The premises were struck off to the Defendant, as the highest bidder, at the price of 4,000 dollars; whereupon the auctioneer, in the presence of the Defendant, signed a certificate, at the foot of the articles of sale, declaring him to be the purchaser at that price.

An attorney was employed to draw a deed of bargain and sale, and received instructions for that purpose, both from the Plaintiffs and Defendant; the draft of the deed, with blanks for the date and the name of the grantee, was presented to the Defendant, and left with him for inspection; after examining it, he returned it to the attorney, requesting him to insert his, the Defendants, name in the proper blanks, which he accordingly did. This draught of the deed recited the title of the Plaintiffs, and that the Defendant, being the highest bidder, had purchased the premises at the sum of 4,000 dollars, which he had secured to be paid to the Plaintiff's, according to the terms of sale.

The breach of the agreeement alleged in the declaration, was, that the Defendant had failed to give his promissory notes within the 30 days, or at any time afterwards.

The Court below decided that the Plaintiffs could maintain no action upon the contract, without first resorting to a re-sale and ascertaining the deficit.

JONES, for the Plaintiffs in error, contended.

1. That the remedy by a re-sale, was cumulative, and did not take away the right of action for a breach of the original contract.

2. That the draught of the deed (as to its collateral effect, as written evidence of the agreement) having been authenticated by an act equivalent to signing, imported a substantive and positive agreement to go on with the contract, and to complete the purchase, and was not subject to be explained or controlled by the original terms.

The authority to contract, he said, might be by parol, although the contract must be in writing. Roberts on frauds, 112. Sugden on Vendors, 56.–Hoban gave the attorney verbal authority to draw the deed, which amounts to an agreement in writing signed.
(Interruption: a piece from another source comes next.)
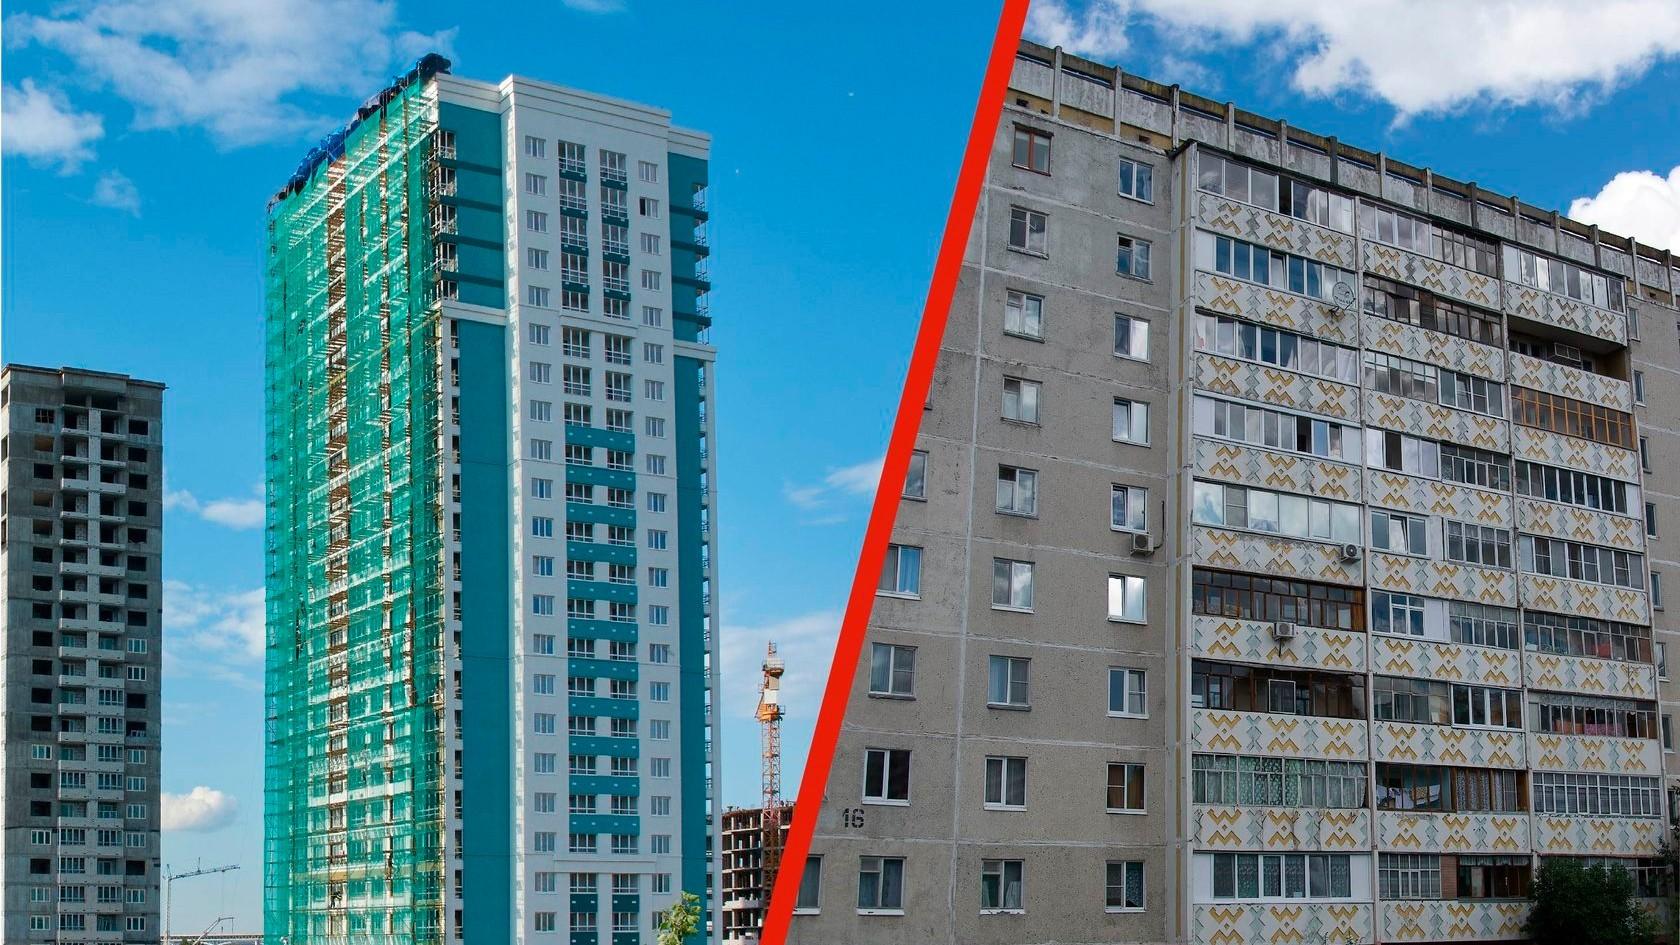 Новое жилье либо вторичное. Что нужно покупать?

There was no argument for the Defendant in error.

March 3d.

LIVINGSTON, J. delivered the opinion of the Court as follows:

If there ever existed a valid agreement between these parties in relation to the house in question, on which the Court gives no opinion, the terms of it must be sought for in the articles exhibited by the auctioneer, at the thne of sale. Of these, two only bear on this case. These were, 'that the purchaser should secure the purchase money with interest by his promissory notes, with two approved indorsers, payable in 6 and 12 months'–and 'that the purchaser should be allowed thirty days to comply with these terms, at which time, in case of compliance, he was to receive a good and complete title to the property, and on failing to comply within the thirty days, the property was then to be re-sold on account of the first purchaser.'

The Plaintiffs offered no evidence of any re-sale, or of any deficiency arising thereon, but contended, that the remedy by a re-sale was merely cumulative, and did not take away the right of action against the Defendant, for his violation of the contract. Such is not the opinion of this Court. The vendee, by the terms of sale, had an option of taking the estate after it was bid off to him, and in case of refusal, of having it sold again on his accaunt–It might have produced more than on the first sale, in which case the surplus would have belonged to him; or the same price might have been obtained, and then he would have lost nothing–or it might have sold for less, and then by paying the difference which would have formed his whole loss, he would not have been exposed, as he must be, if this action proceeds to have damages assessed against him, by some uncertain and arbitrary or unsatisfactory rule, which might be adopted by a jury. Of these advantages which were reserved to him by the terms of the auction, the Plaintiff had no right to deprive him. The Court is further of opinion, that nothing which was done after the sale, at all varied the right of the parties. The judgment below is affirmed with costs.